What Is Cross Collateral?
“Cross collateral” refers to a nasty provision contained in most credit union loan agreements. Some people call it a “Dragnet” clause. Regardless of what you call it, it works like this: If you borrow money from a credit union to buy a car or truck, the loan agreement you sign will list the car or truck as collateral for the loan. This much makes sense. The nasty part is that the same loan agreement will usually include a provision that reads like this: “The collateral securing this loan shall also secure any and all other loans and accounts with the credit union.” This means that the credit union has a lien on the same car or truck to secure all of your other loans and accounts with the credit union. The really nasty thing is the credit union almost never tells your or its other members about this provision until it is too late.
What happens is that later on, when you pay off the loan obtained to buy the car or truck, or wish to sell the car or truck, because of the cross collateral language in your contract, the credit union does not have to give you back your title if you have any other outstanding loans and accounts with them, at least not until you pay those loans and accounts in full. Credit unions can be pretty harsh in dealing with people who have caused the credit union to take any kind of loss, whether by filing bankruptcy or otherwise.
Unless you get a determination to the contrary from a lawyer, you should assume that there is a cross collateral clause in your agreements and that you should continue to pay all loans and accounts you have with the credit union. This assumes that eventually, you will want to get your title back.
One Solution: Chapter 7 and the Motion to Redeem:
Under some circumstances in a Chapter 7 bankruptcy case, it will make sense for you to file what is known as a motion to redeem to relieve you of some or all of your cross collateral problems. A motion to redeem is a paper that gets filed with the bankruptcy court asking permission to pay a creditor the liquidation value of a car or truck, in full satisfaction of all loans owed to that creditor which are secured by the car or truck. Filing such a motion only makes sense if the liquidation value of my vehicle is considerably less than the total of all loans secured by my vehicle. However, a motion to redeem may or may not be advisable, depending upon the amount of your loans and the interest rate.

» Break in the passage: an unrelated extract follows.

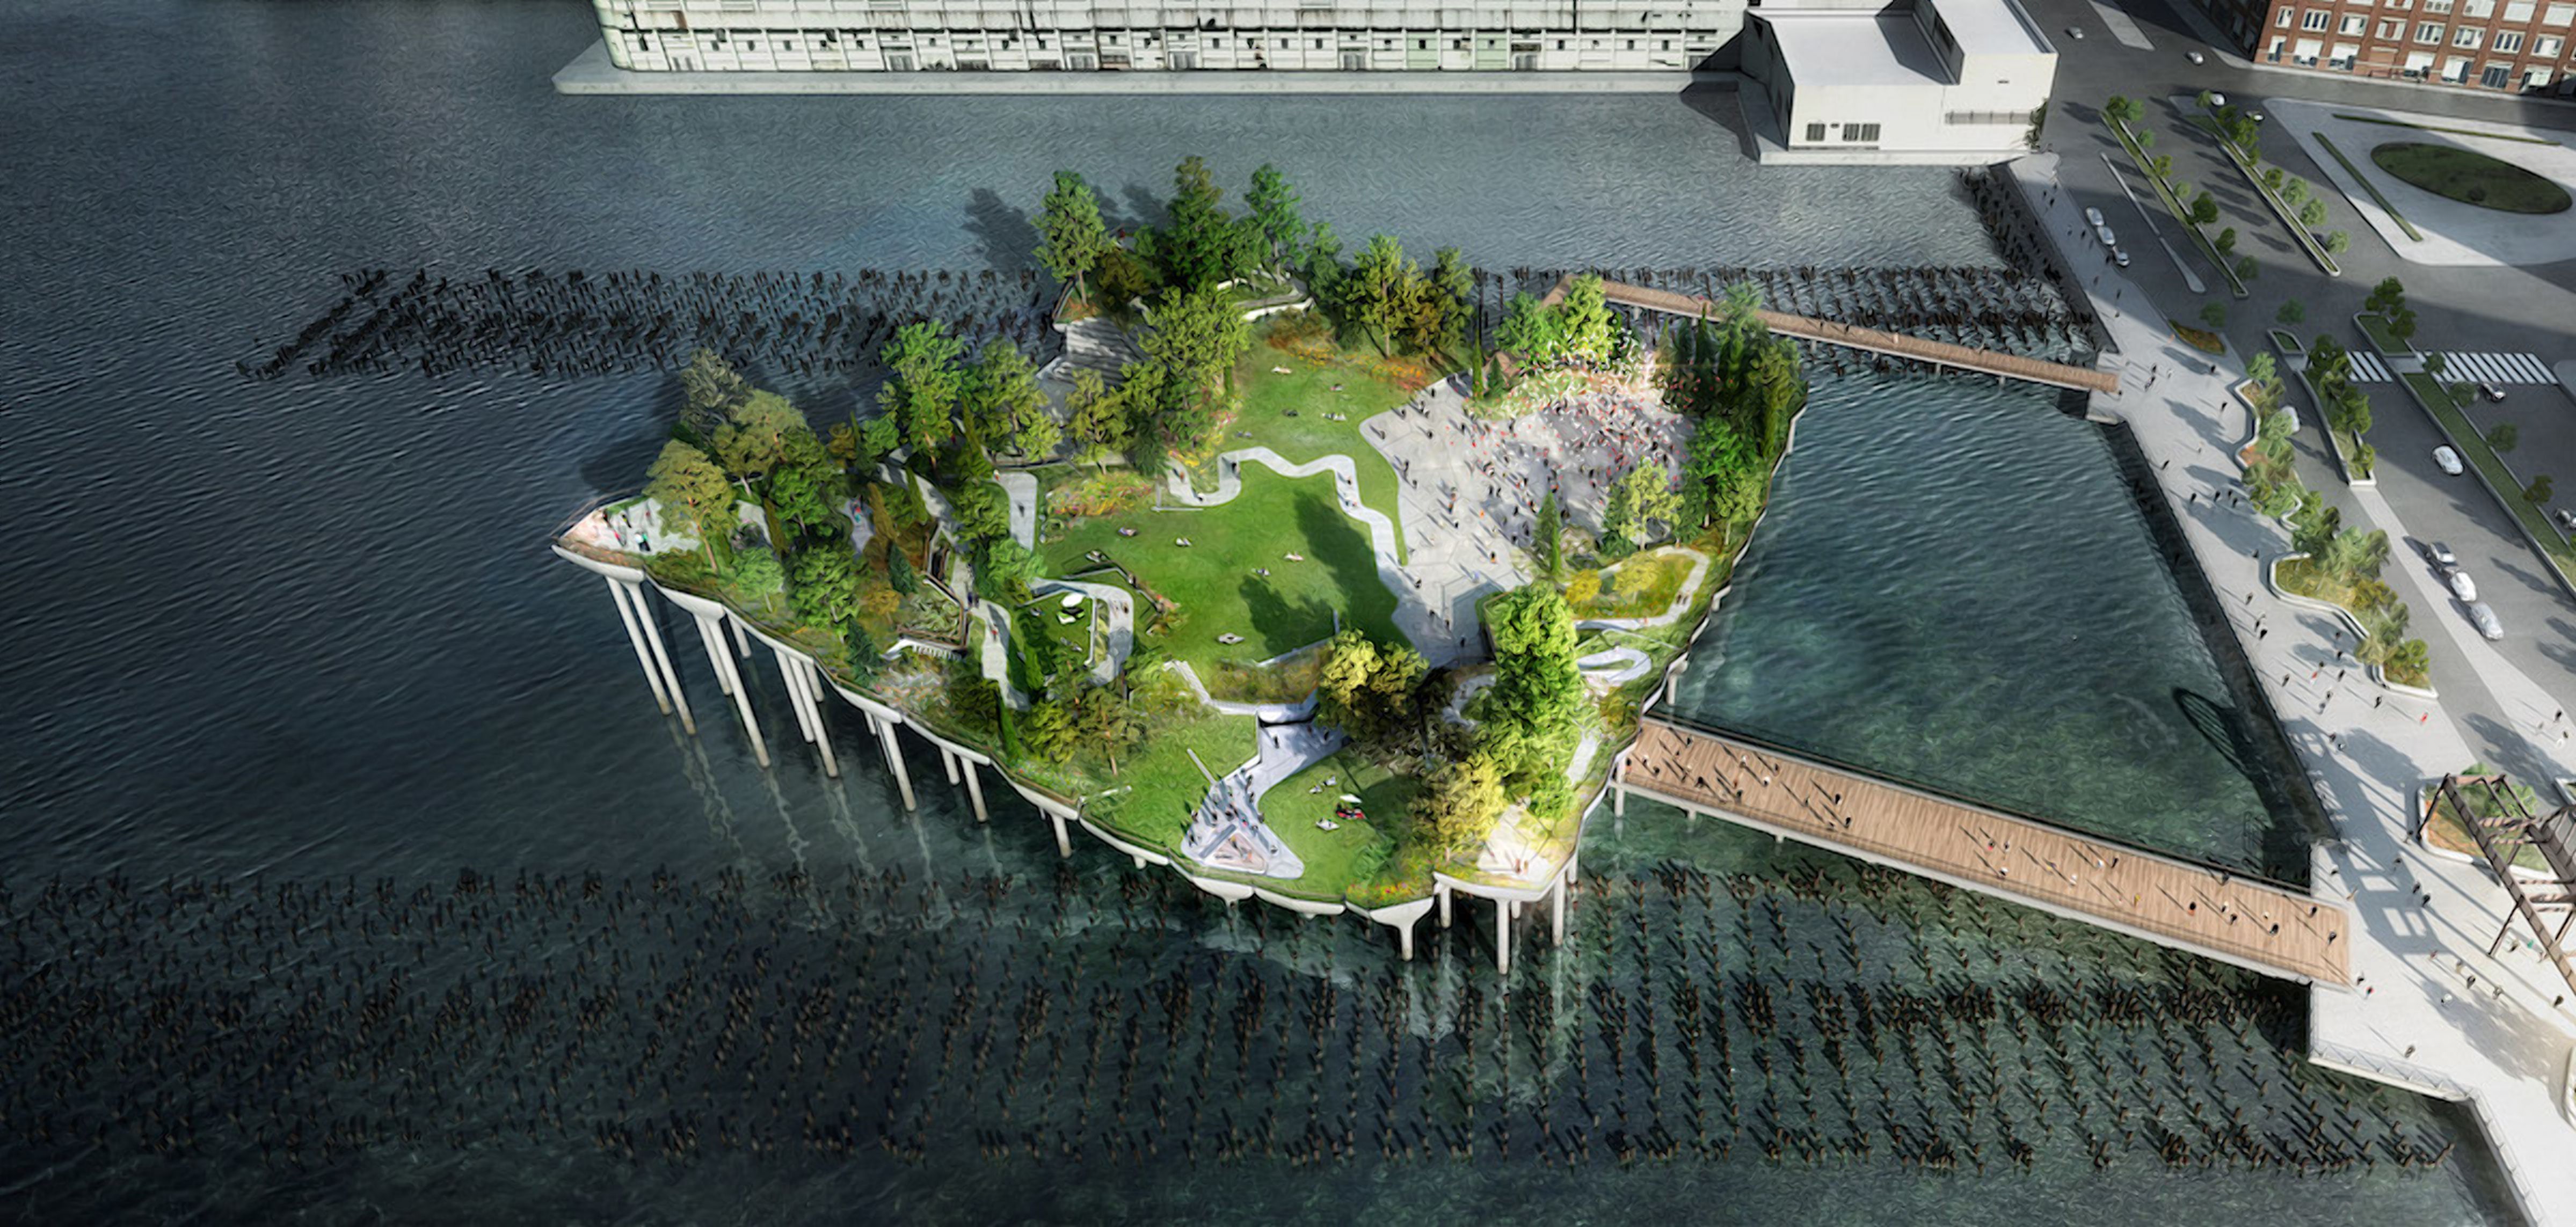 Зеленый остров посреди Нью-Йоркской гавани: фото уникального чудо-парка

Another Solution: Chapter 13 and “Cram Down”:
In Chapter 13, we can sometimes take care of the cross collateral problem using the cram down provisions of the bankruptcy code. For instance, let’s say you owe $10,000 on a $5,000 car, but you also owe $6,000 on a credit card with the same credit union. The cram down provision only requires you to pay $5,000, the value of the car. The rest of the credit union debt is rendered unsecured and therefore dischargeable. On the other hand, if you owe $10,000 on a car worth $12,000, and also owe money on a credit card with the same credit union in Chapter 13, you would have to pay the full $12,000, since the car secured both the car loan and the credit card debt.
Good News: Cross-Collateral Does Not Apply To Real Estate:
Cross collateral provisions generally do NOT apply with respect to real estate. Therefore, if you have borrowed money from the credit union and have given your house as collateral, most likely the credit union will not have the right to claim your house, by reason of cross collateral” provisions, as collateral for any of your other loans or accounts with the credit union.